# Rods bent this morning!



## drewquez (Jul 10, 2015)

Spanish mack @ bob sikes again!


----------



## Yo-Zuri (May 31, 2015)

From the bridge itself, or a boat nearby?


----------



## GROUPERKING (Sep 28, 2011)

Good trip !


----------



## drewquez (Jul 10, 2015)

Yo-Zuri said:


> From the bridge itself, or a boat nearby?


The little pier on the right hand side.


----------



## drewquez (Jul 10, 2015)

Got out there 5 in the morning. They started biting around 6 or 7. Went out early to beat the traffic due to air show.


----------



## Yo-Zuri (May 31, 2015)

drewquez said:


> The little pier on the right hand side.
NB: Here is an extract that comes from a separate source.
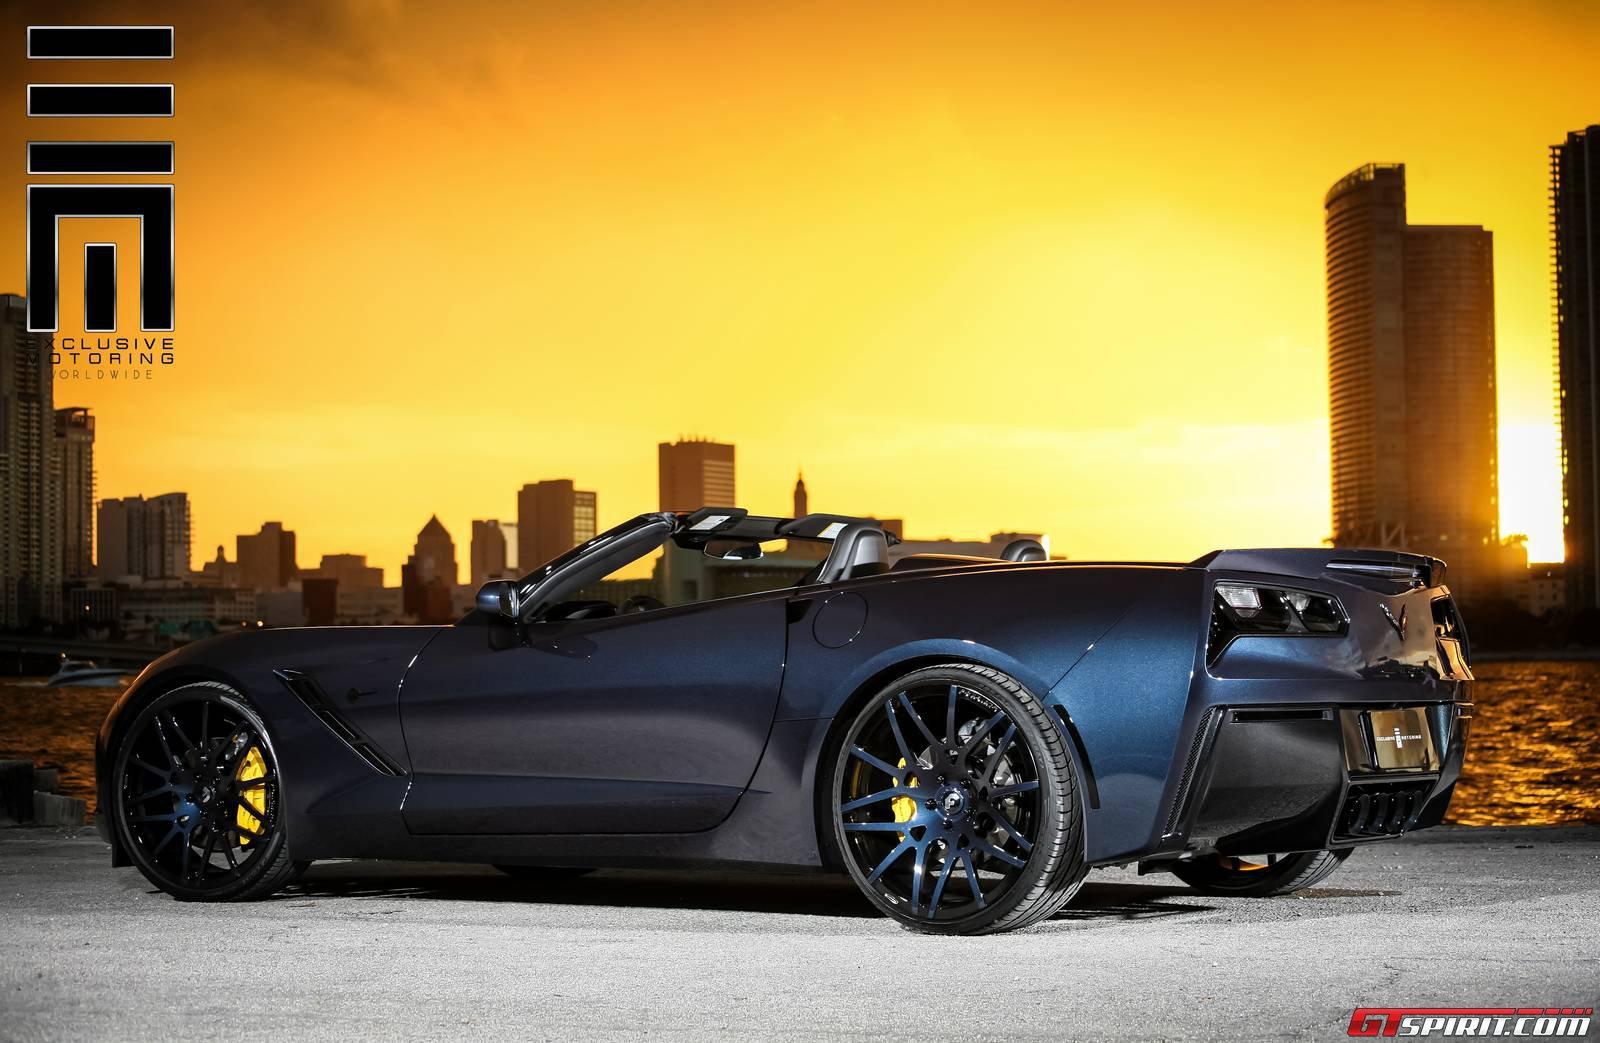 2014 chevrolet corvette stingray convertible by exclusive

I assume you mean this here?

https://www.google.com/maps/@30.3500446,-87.156838,241a,20y,41.73t/data=!3m1!1e3

They call that "the octagon" (even though it's a hexagon ).


----------



## drewquez (Jul 10, 2015)

Yo-Zuri said:


> drewquez said:
> 
> 
> > The little pier on the right hand side.
> ...


Yup, that's it Zuri.


----------



## yukondog (Feb 12, 2013)

Way to go, did you get them on lures or live bait?


----------



## stc1993 (Nov 23, 2014)

Cook 'em up fresh some good eating.


----------



## drewquez (Jul 10, 2015)

yukondog said:


> Way to go, did you get them on lures or live bait?


I used dead Ly.


----------



## drewquez (Jul 10, 2015)

stc1993 said:


> Cook 'em up fresh some good eating.


Definitely! Just baked some with diced tomatoes, onions, garlic and lemon.


----------



## jetajockey (Jun 6, 2011)

Nice, I need to get out there, love fishing for spanish. Were you using leaders? I've had better luck on fluorocarbon but lots of cutoffs.


----------



## drewquez (Jul 10, 2015)

jetajockey said:


> Nice, I need to get out there, love fishing for spanish. Were you using leaders? I've had better luck on fluorocarbon but lots of cutoffs.


At first I was using 2ft of some cheap mono. Had to switch it up with a 1ft of wire leaders.


----------



## Pushwave (Oct 6, 2009)

WOW!!! Just passed by there... Packed with people fishing!! Someone must have told them something is biting there... LOL


----------



## drewquez (Jul 10, 2015)

Pushwave said:


> WOW!!! Just passed by there... Packed with people fishing!! Someone must have told them something is biting there... LOL


Lol, gotta spread the love.


----------



## Yo-Zuri (May 31, 2015)

Got this guy this morning at the same place:


----------



## drewquez (Jul 10, 2015)

Yo-Zuri said:


> Got this guy this morning at the same place:


Good stuff Zuri!!


----------



## Yo-Zuri (May 31, 2015)

drewquez said:


> Good stuff Zuri!!


Thanks for the tip. :thumbsup:


----------